For the sake of your clothes and to reduce the carbon footprint, avoid the dryer. Drying cotton in this way damages the fibers and leads to cracks in the fabric, which reduces its durability by 25%. A side effect is also the pilling of clothes.
After removing from the washing machine and before hanging, shake off every piece of clothing to straighten the fabric. This treatment can even eliminate the need for ironing!
Things that may stretch (e.g. woolen sweaters) should be dried spread out – preferably on a soft towel, which varies depending on the degree of moisture.
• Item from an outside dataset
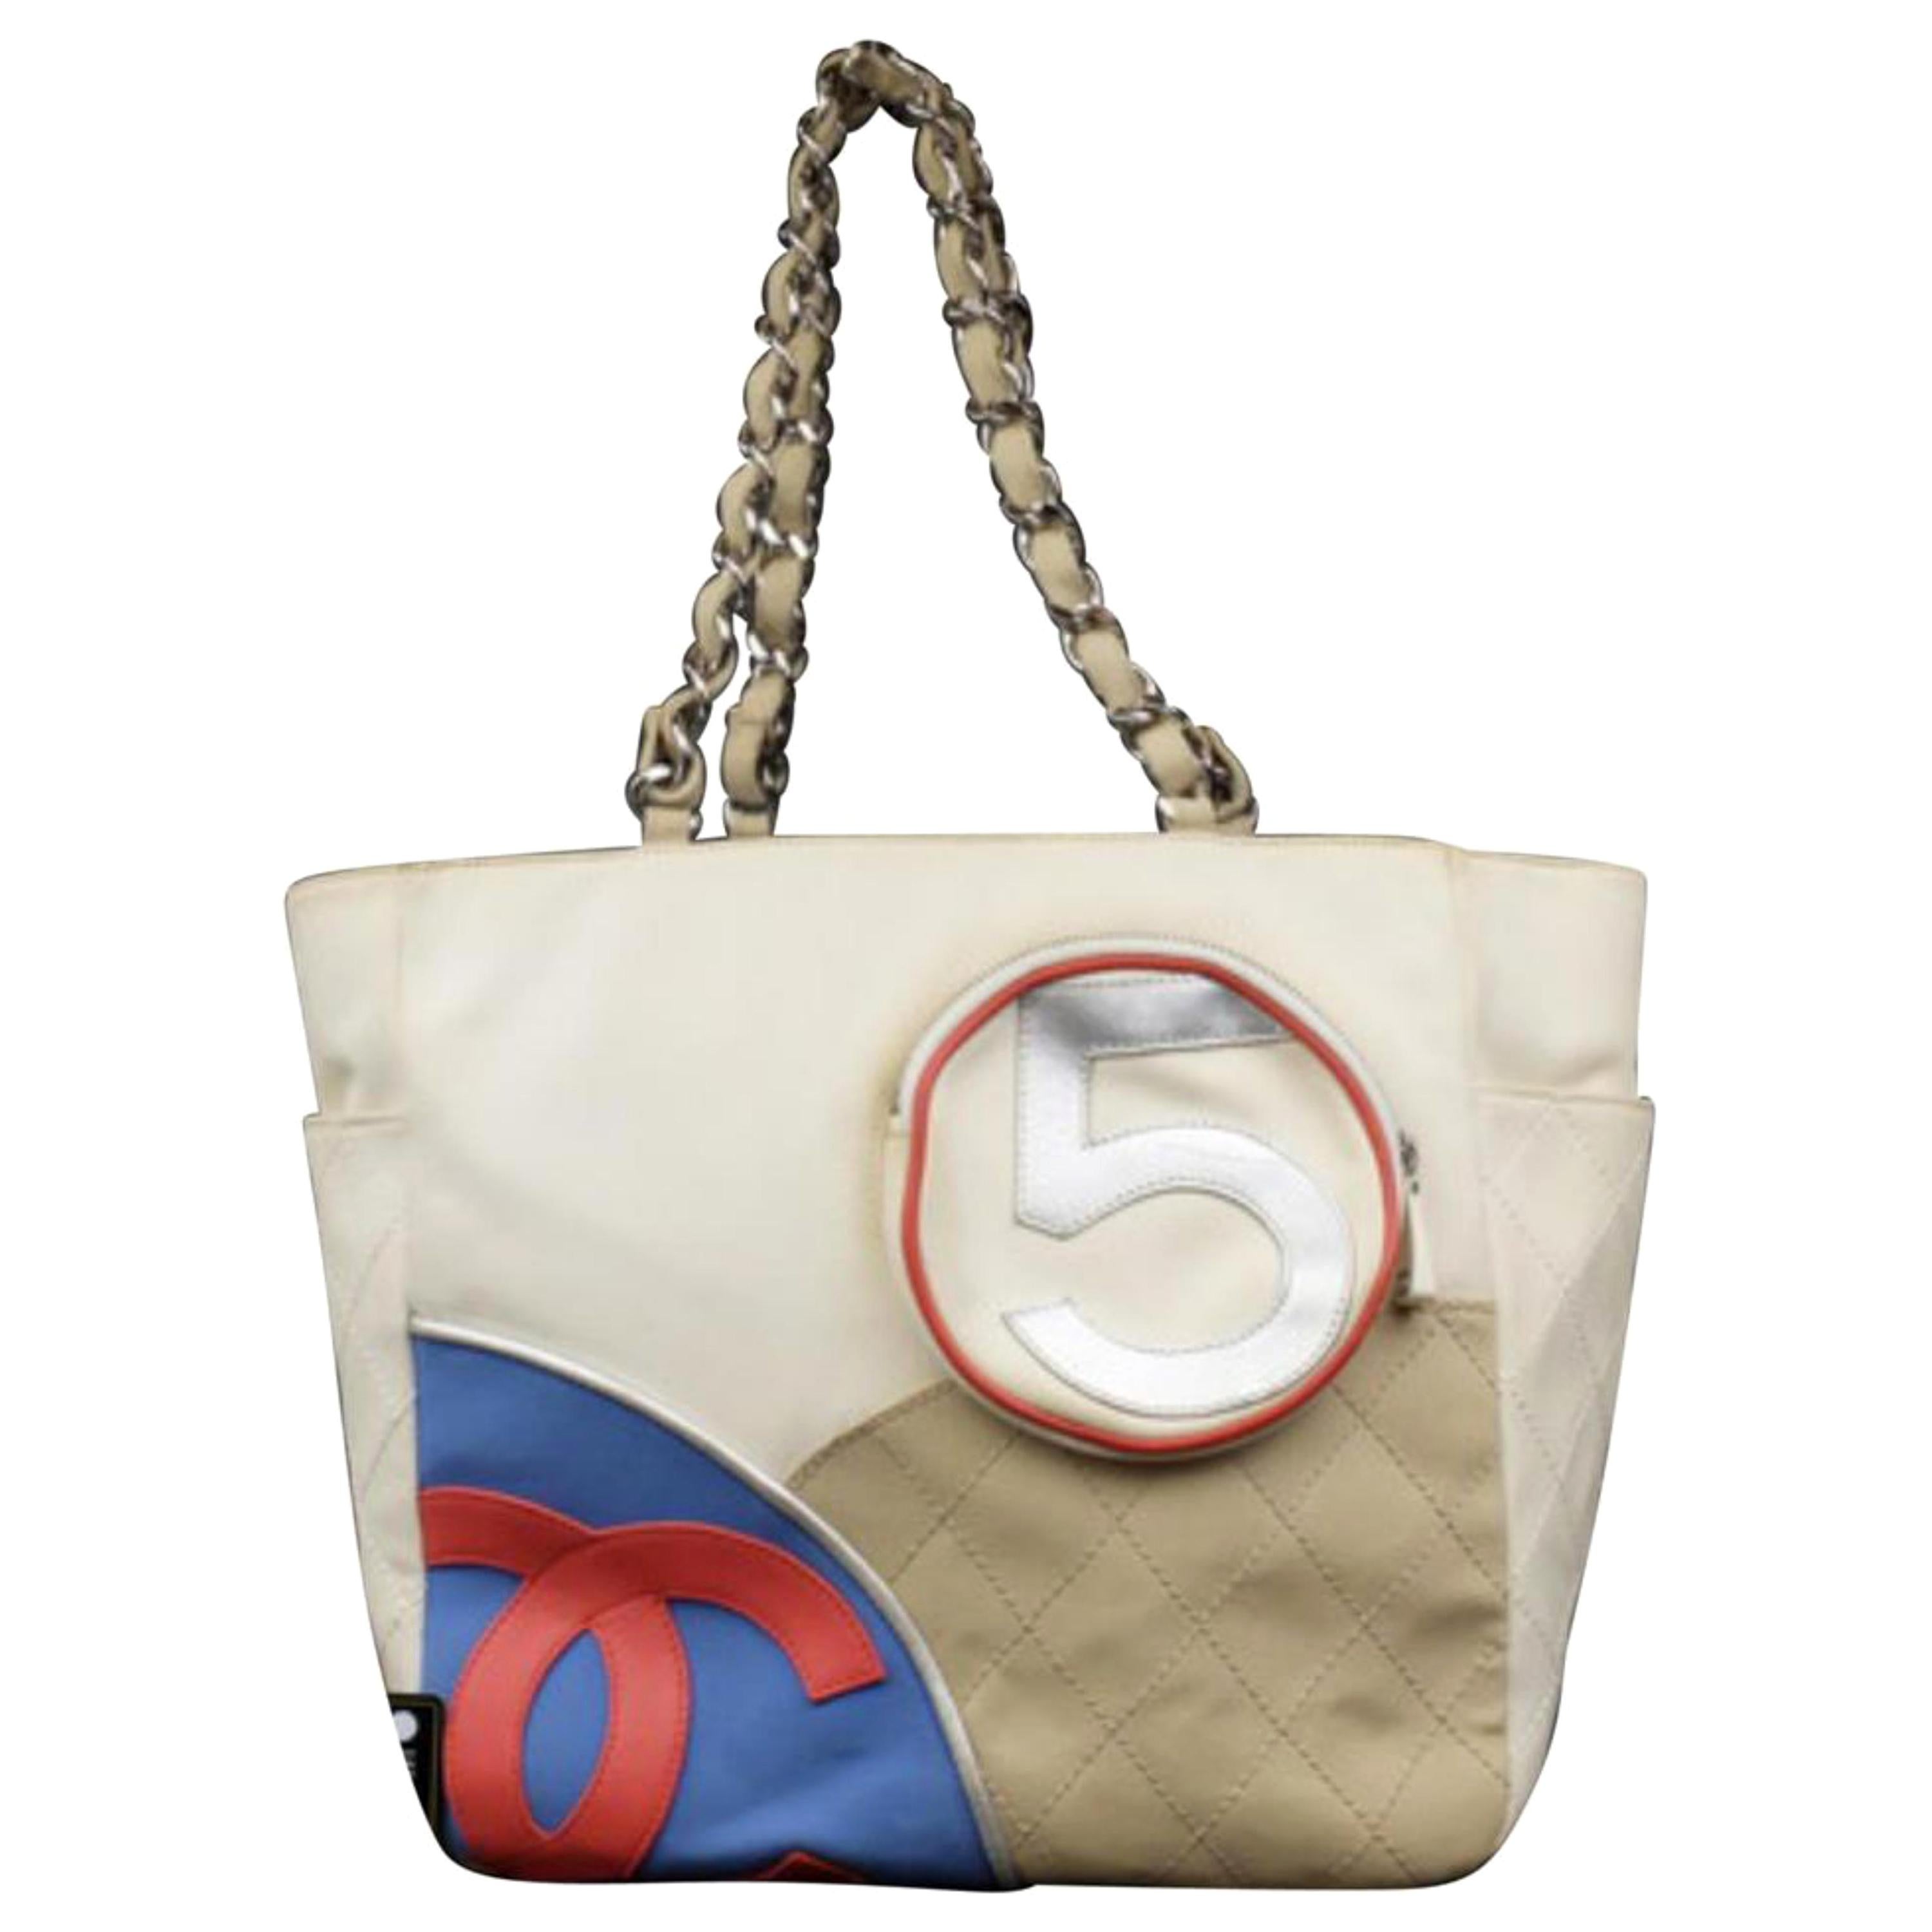 Chanel No. 5 Cc Logo Chain Tote 227956 Multicolor Canvas Shoulder Bag
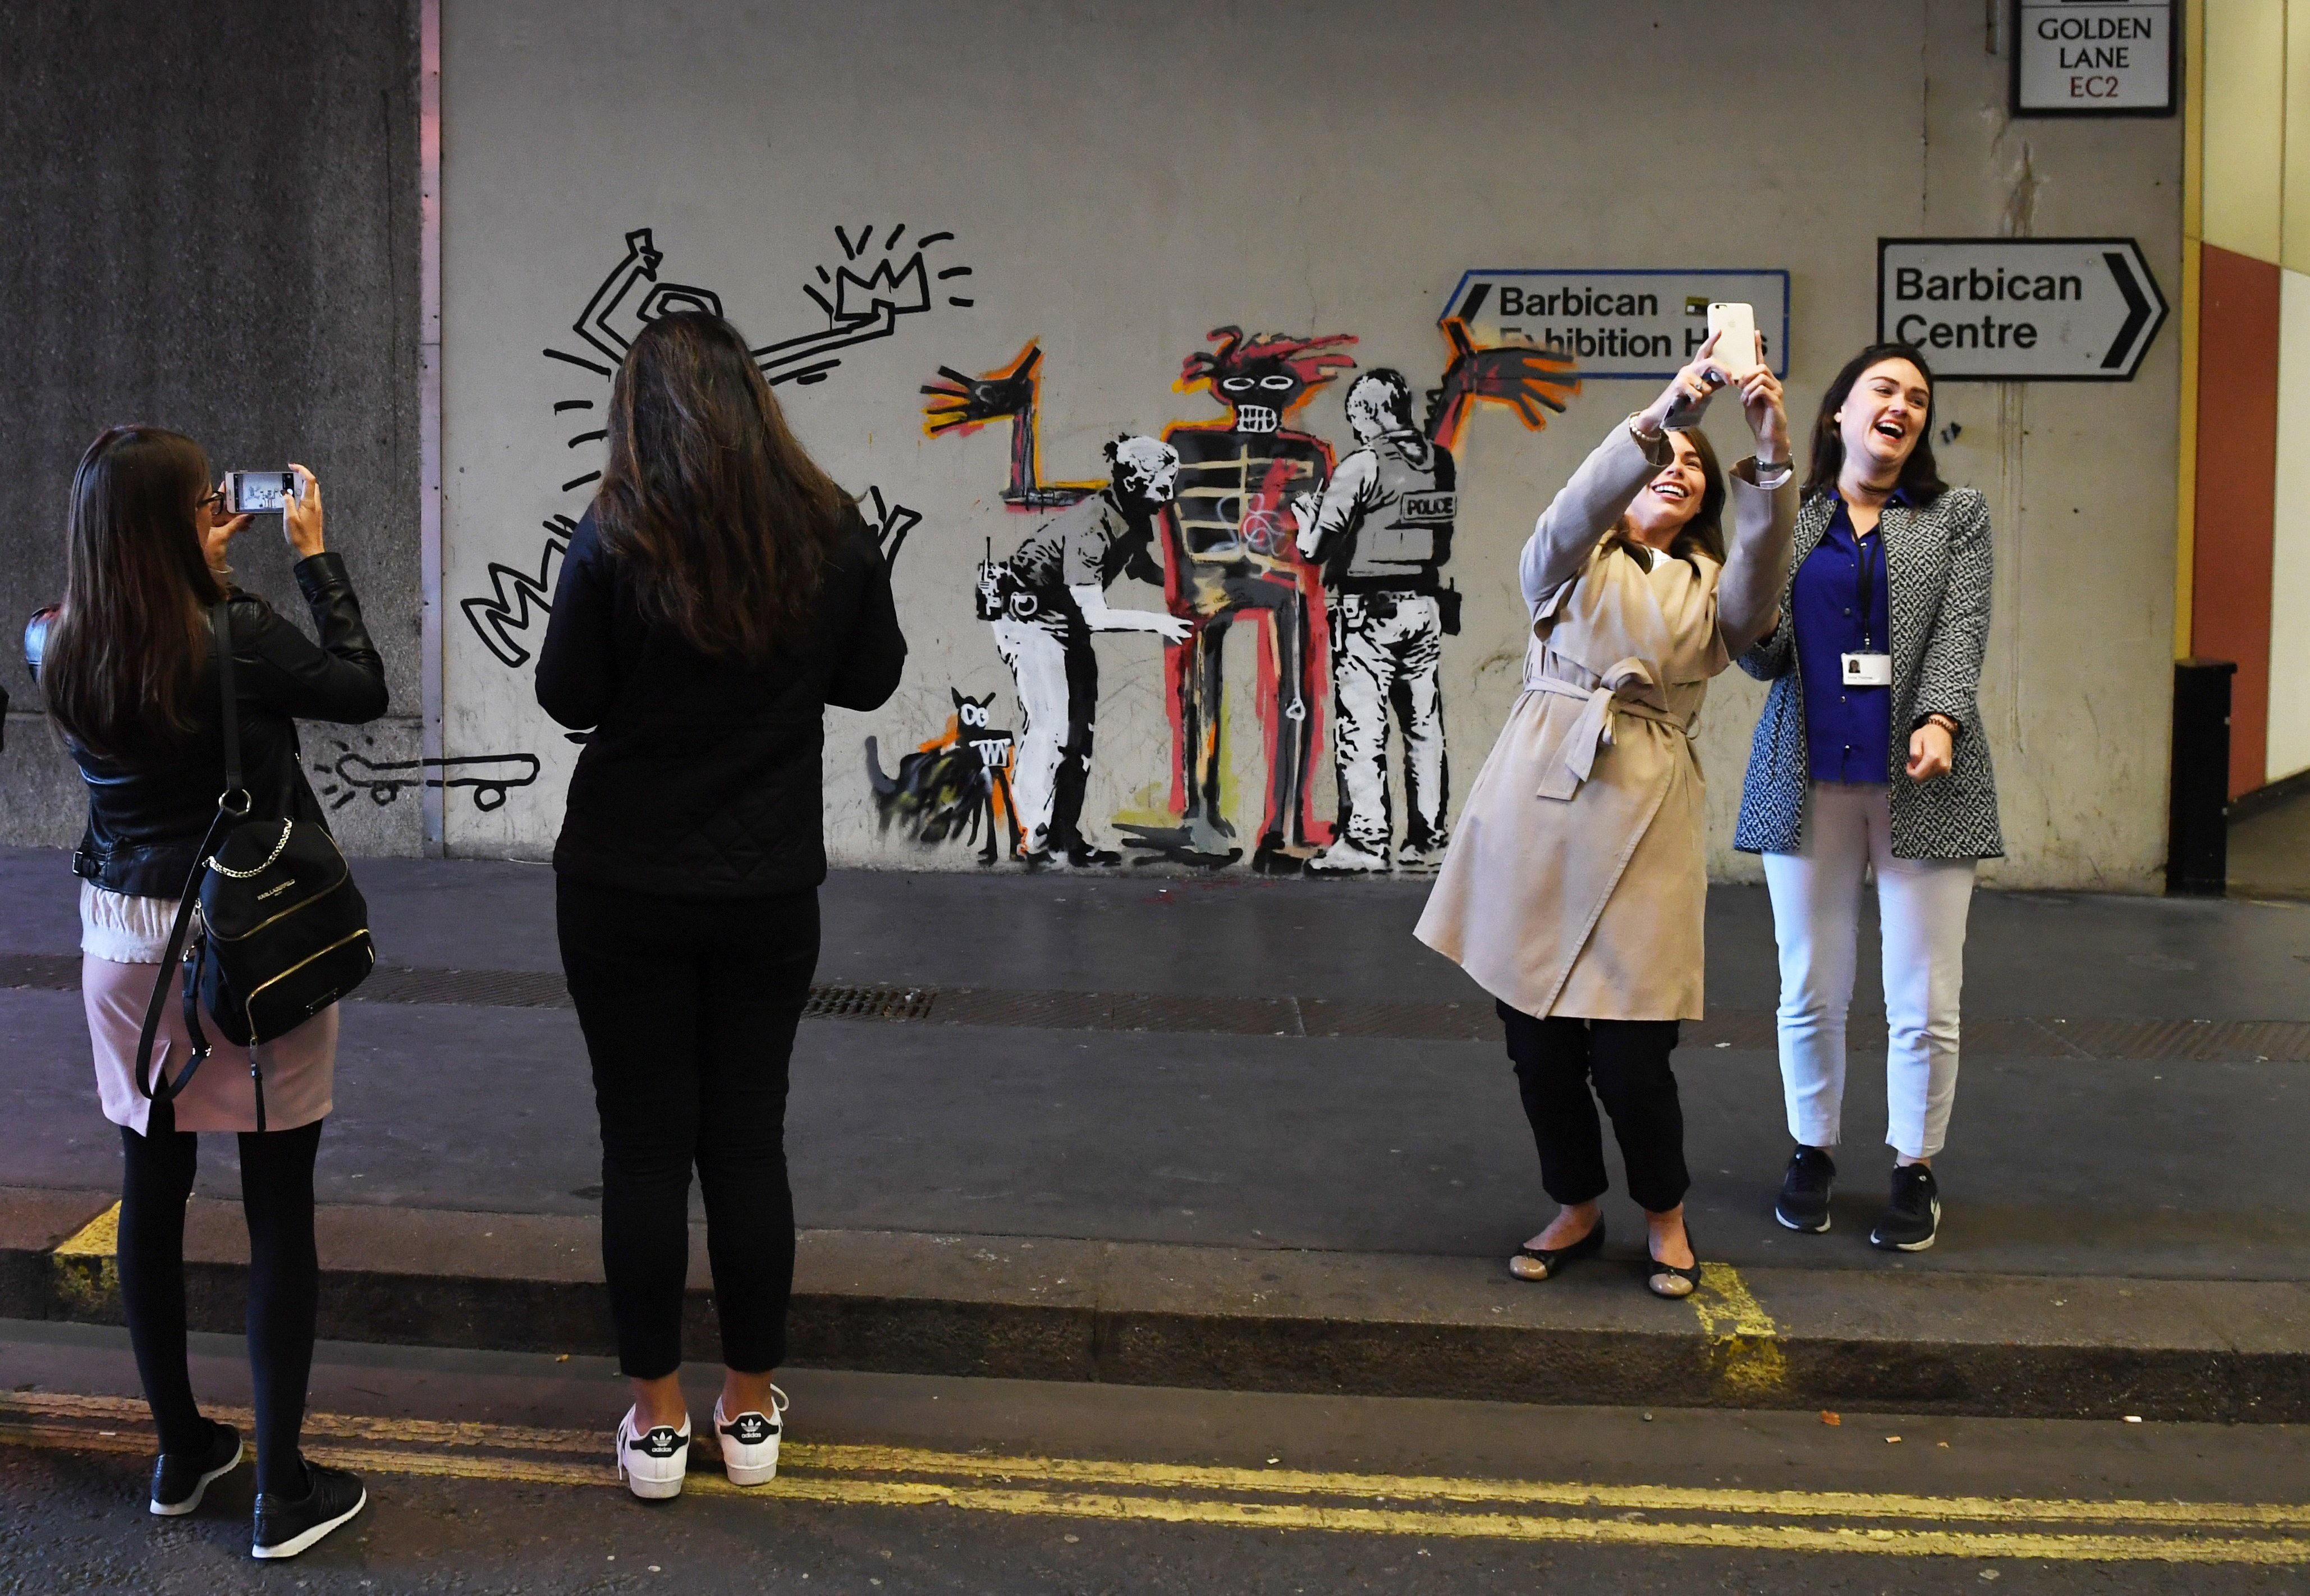  Dos murales de Banksy aparecen en Londres

If you like it when your bedding, napkins and tablecloths are smooth, use a natural mixture to spray the fabric. Dissolve half a teaspoon of cornstarch in 250 ml of water and pour into an atomizer bottle. Use this mix when ironing. Maybe you know this way from your childhood – it’s starching (just remember not to starch cotton t-shirts – it’s a method that you use for clothes or bedding)!
Give your clothes a “breathe” without squeezing them on one shelf. Many clothes are better to hang on hangers than to fold. If you fold them, try to do it along the seams – this will avoid unwanted creases.
REPAIR, DO NOT THROW AWAY
If you are unable to repair clothes yourself or you do not have enough time for it, it is worth taking them to tailor (and shoes for shoemakers). Remember that if you can’t fix something, you can redo it – the patch does not have to be made of a plaid shirt, you can make an aesthetic detail from a delicate fabric, which will give your clothes a unique character.
By repairing clothes, you prolong their lives, save money, time, energy and resources on our planet.
WHAT TO DO WITH CLOTHES THAT YOU DO NOT WEAR ANYMORE?
If they are in good condition:
– Try to find a new home for them among family or friends.
– Organize a SWAP or check if there are any gearing up in your area. On the Ethy Instagram and Facebook we mention such actions in different cities!
– Maybe there is a Single Mother’s House in your area? Or a family who needs something new? A foundation that collects clothes for the homeless? A lot of charity super actions are being created on the internet, e.g. collection of warm things for refugees. Look for some charity shops on Ethy Maps.
– Helping Through Clothes http://www.pomaganieprzezubranie.pl is a portal where you can order a courier who will come and take unwanted items. For each kilogram, he will transfer the percentage of profit of their sales to the foundation of your choice.
If they are not wearable:
There are several possibilities: first of all, do not throw away your clothes – it’s a pity if they are wasted. There are better solutions, e.g.
– Use old items as cleaning cloths. You will extend their lives for several years.
– Announce somewhere that you have to give away worn clothes and materials – there are many people who know how to give them a second life and a new destiny.
– Return clothes to containers or to recycle. You will find a collection point in every major store.
– You can unravel unwanted sweaters to get new wool.